==== Information shown
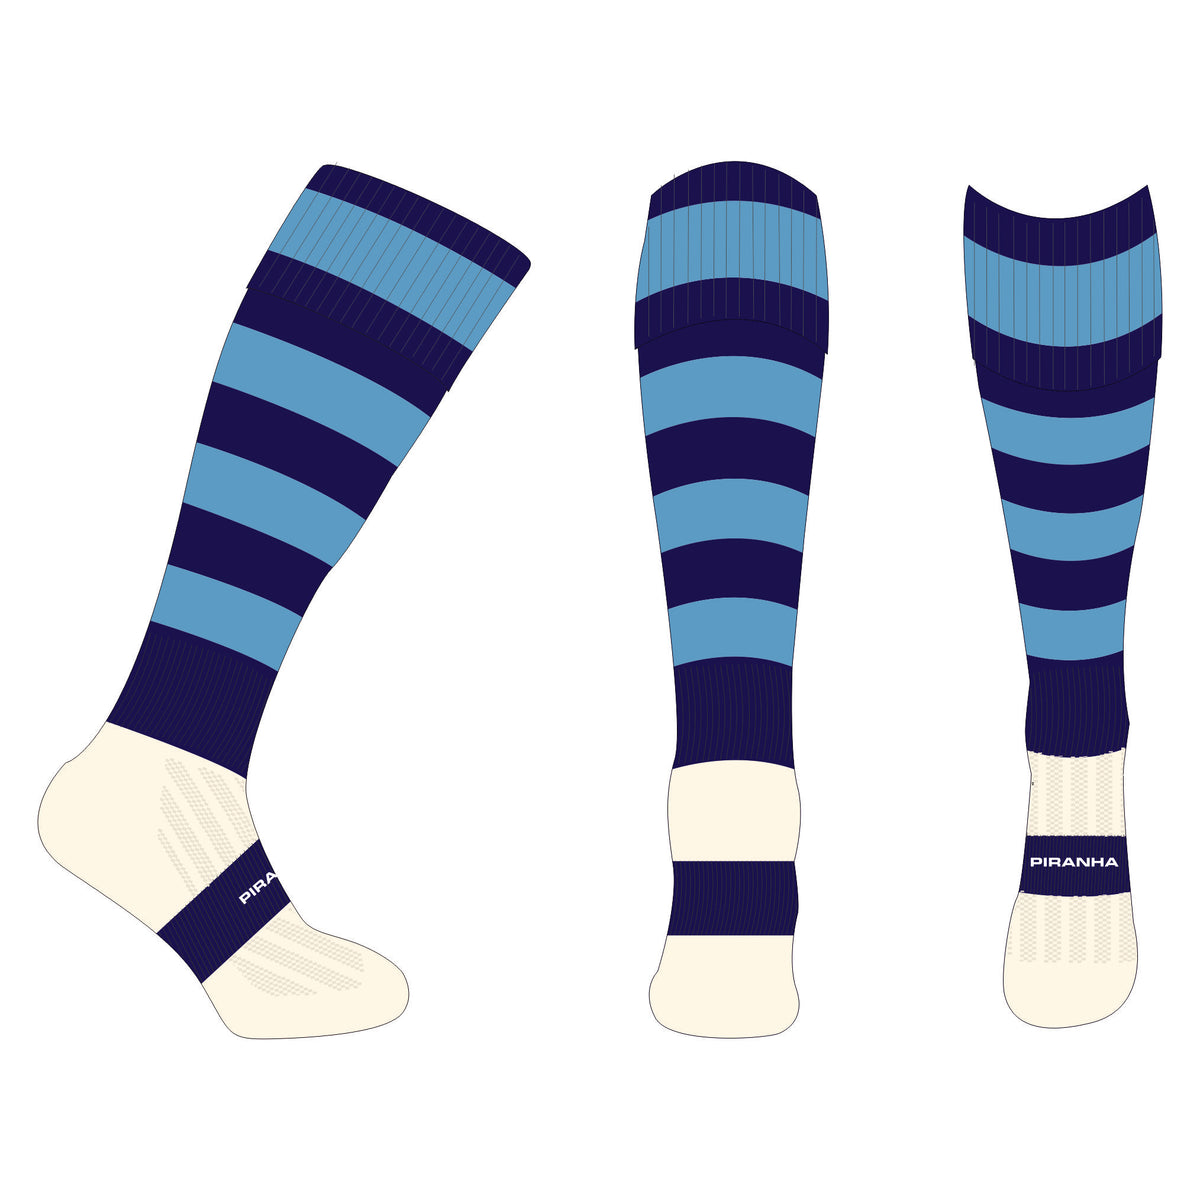 Gayhurst School Games Socks
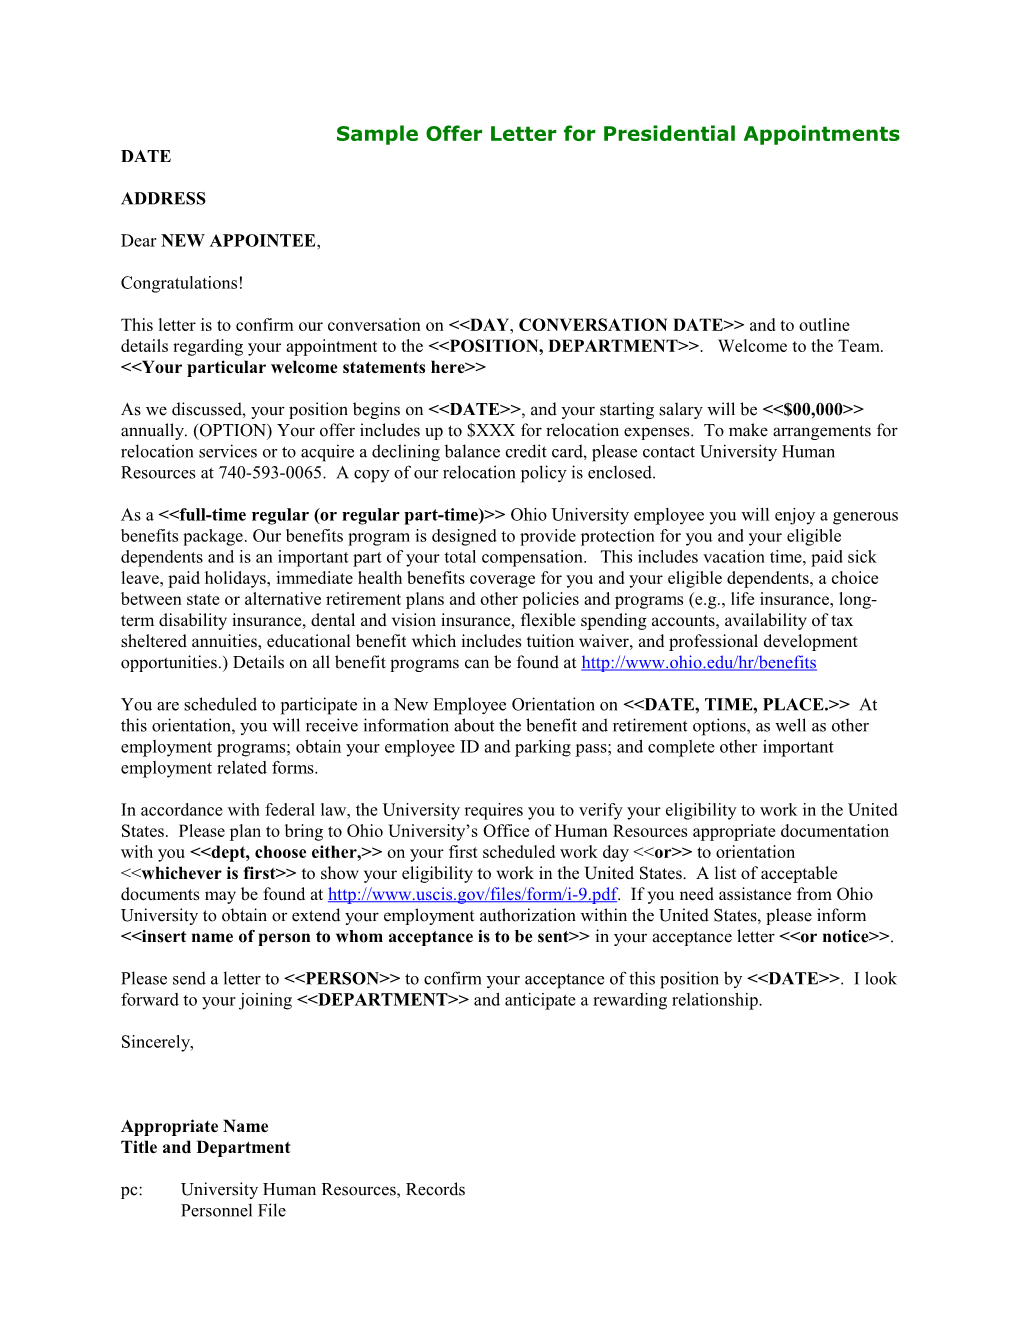 Sample Offer Letter for New Administrative Employees
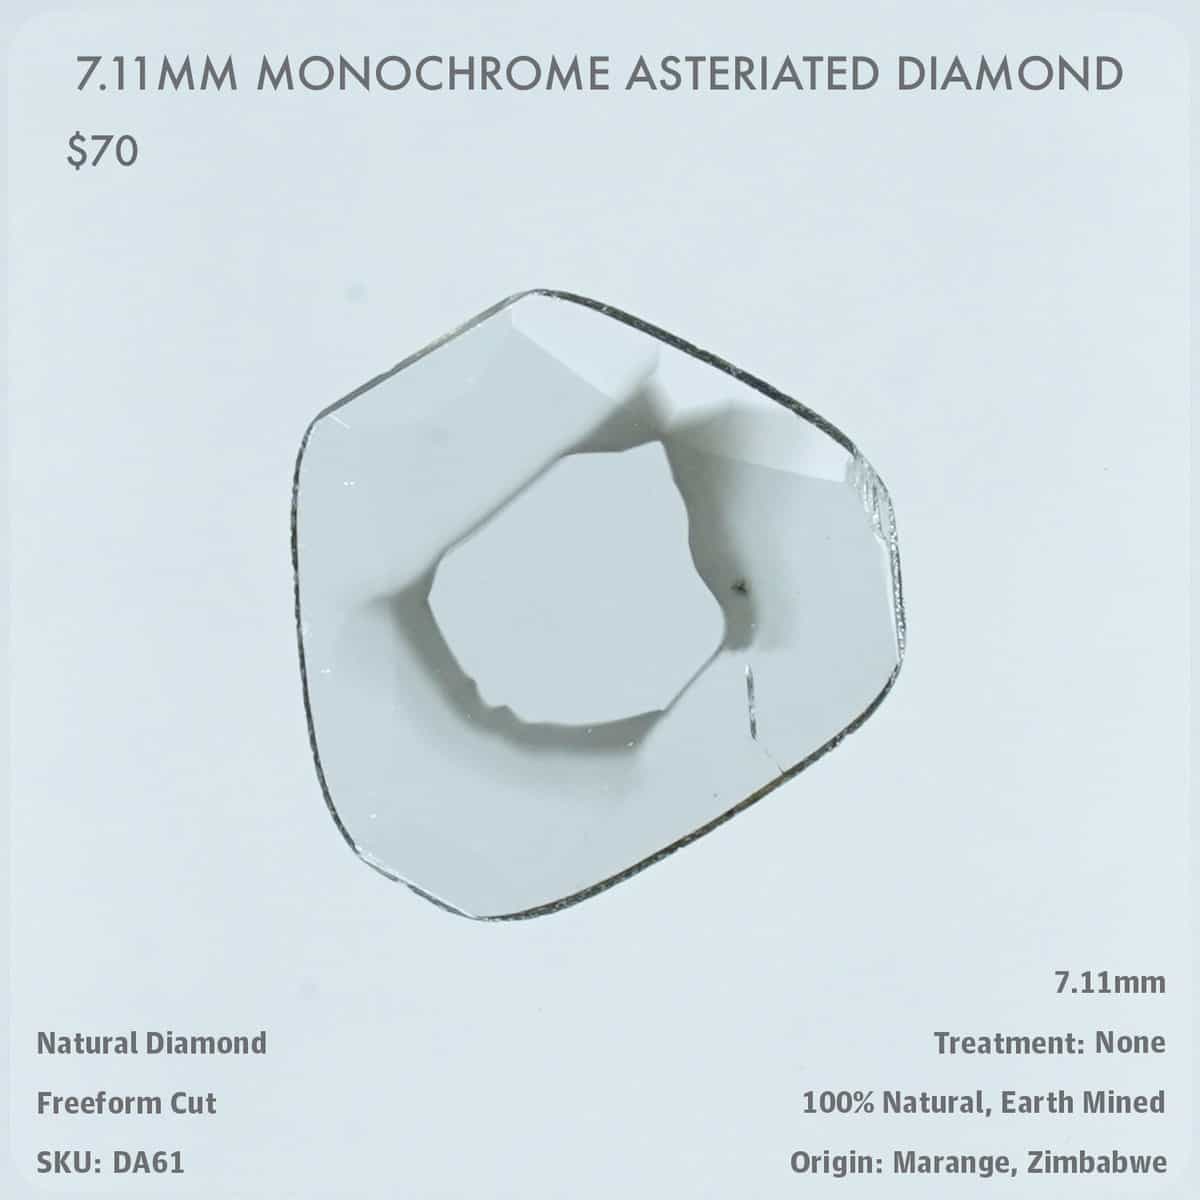 7.11mm Monochrome Asteriated Diamond
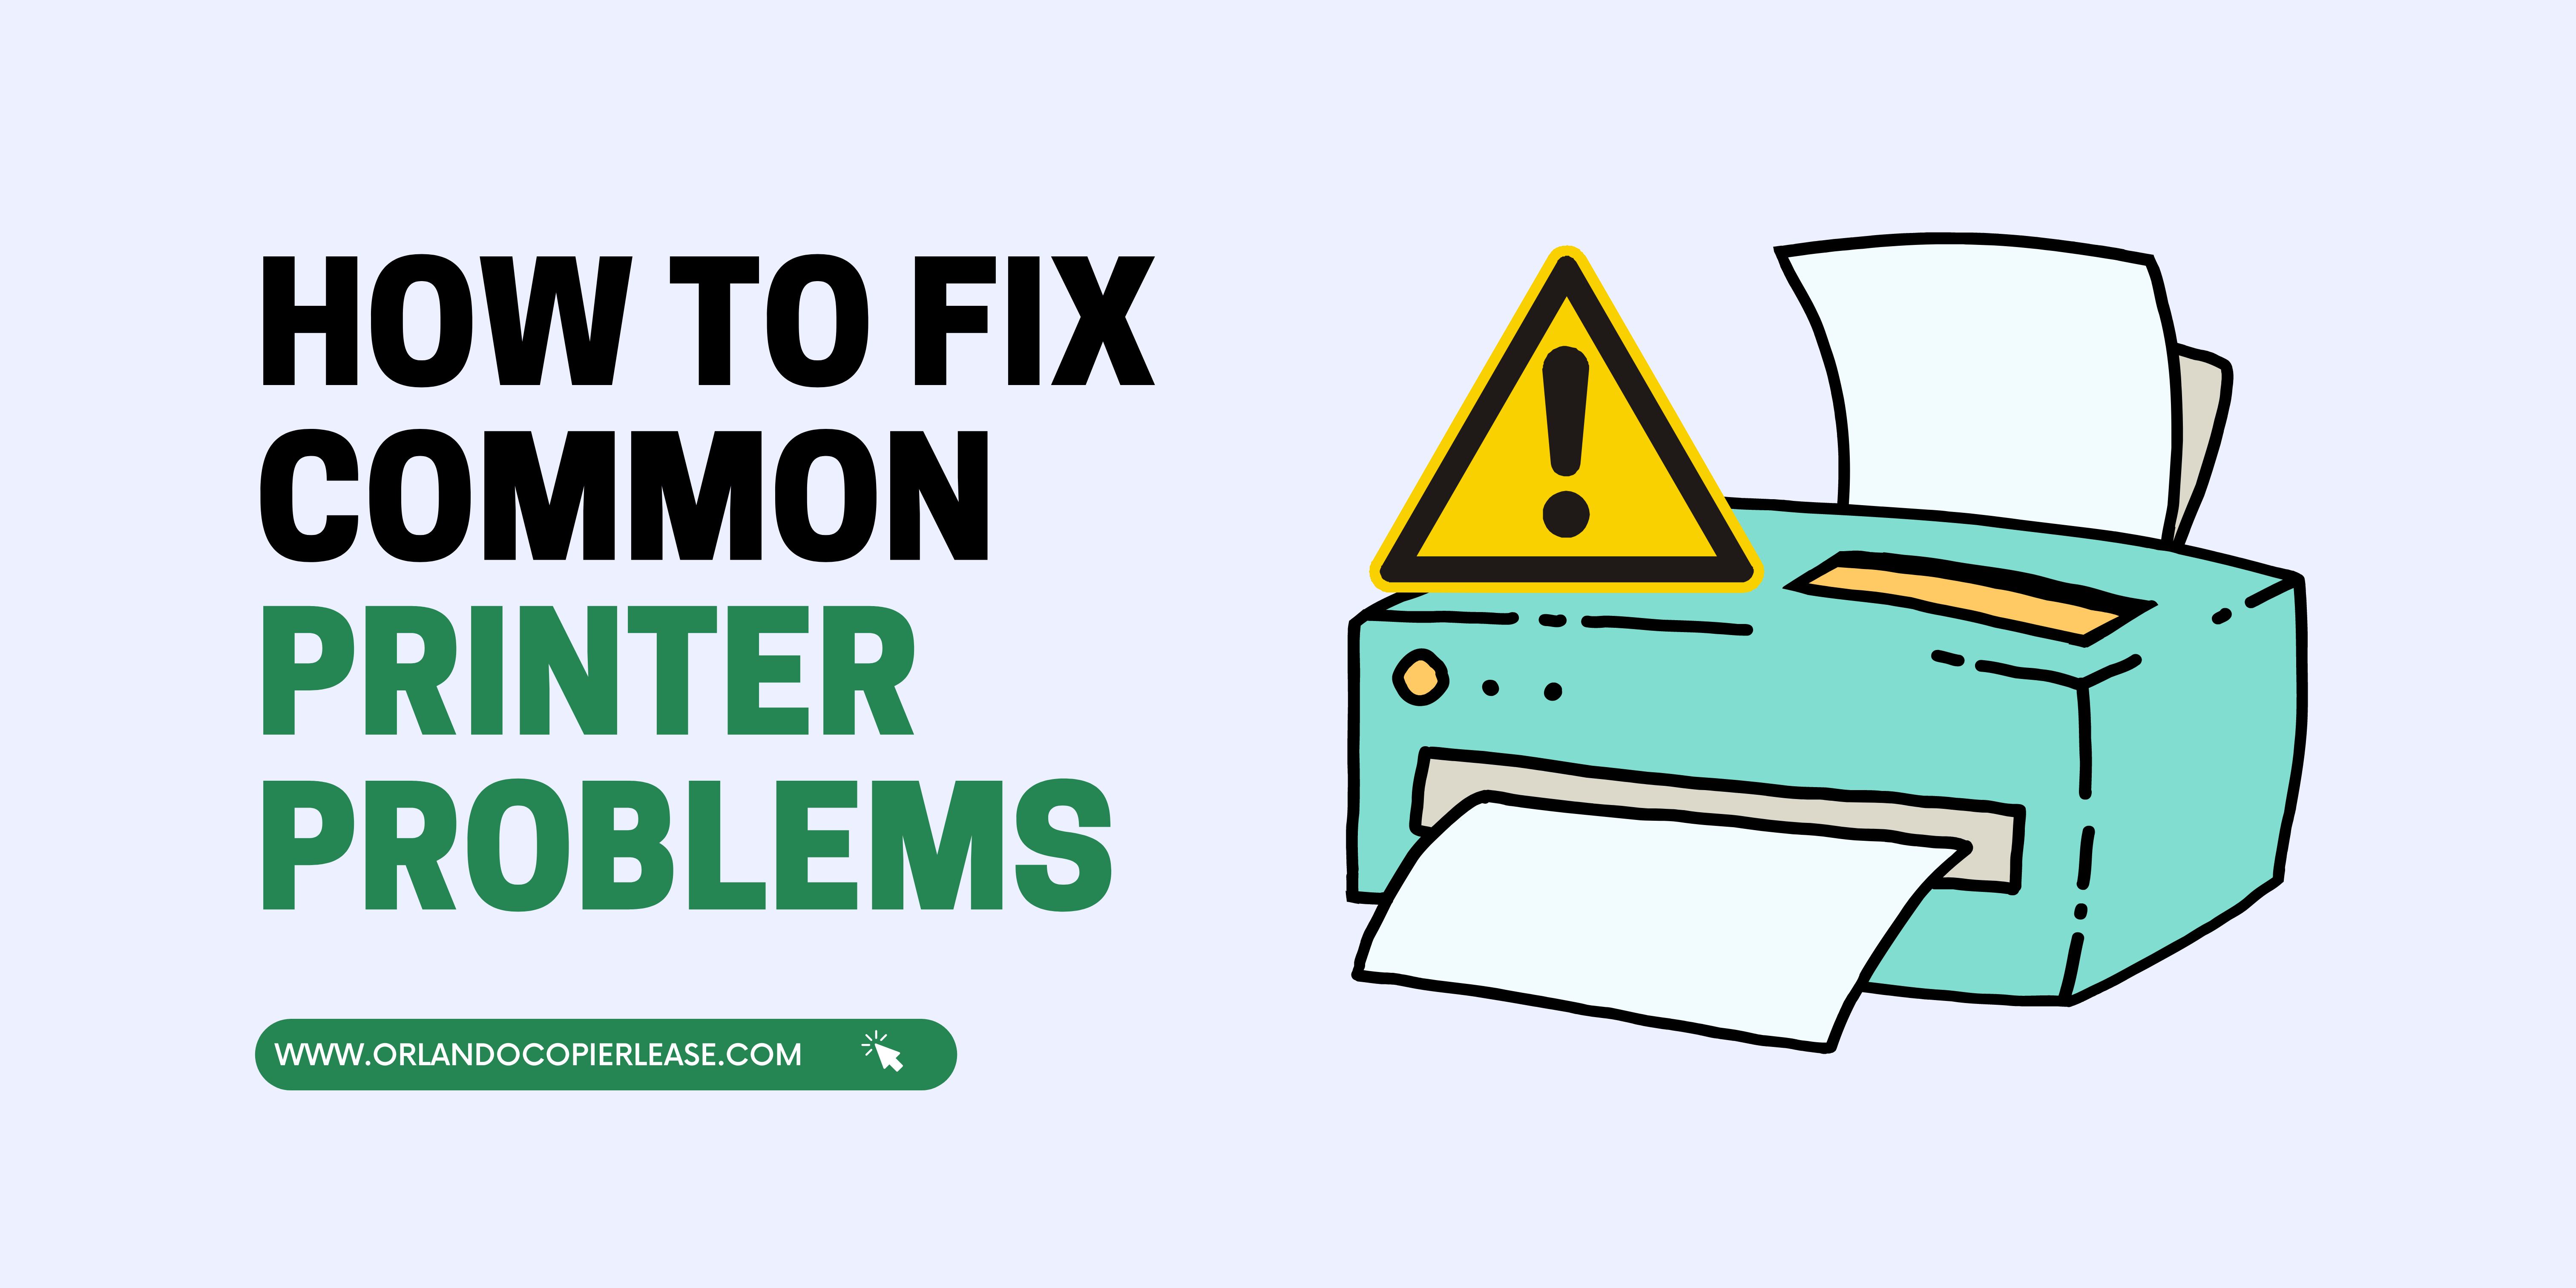 How to Fix Common Printer Problems
========
## Work order
Could you print the material above word for word and skip the images?

## Exercise output
 Gayhurst School Games Socks
 Sample Offer Letter for New Administrative Employees
 7.11mm Monochrome Asteriated Diamond
 How to Fix Common Printer Problems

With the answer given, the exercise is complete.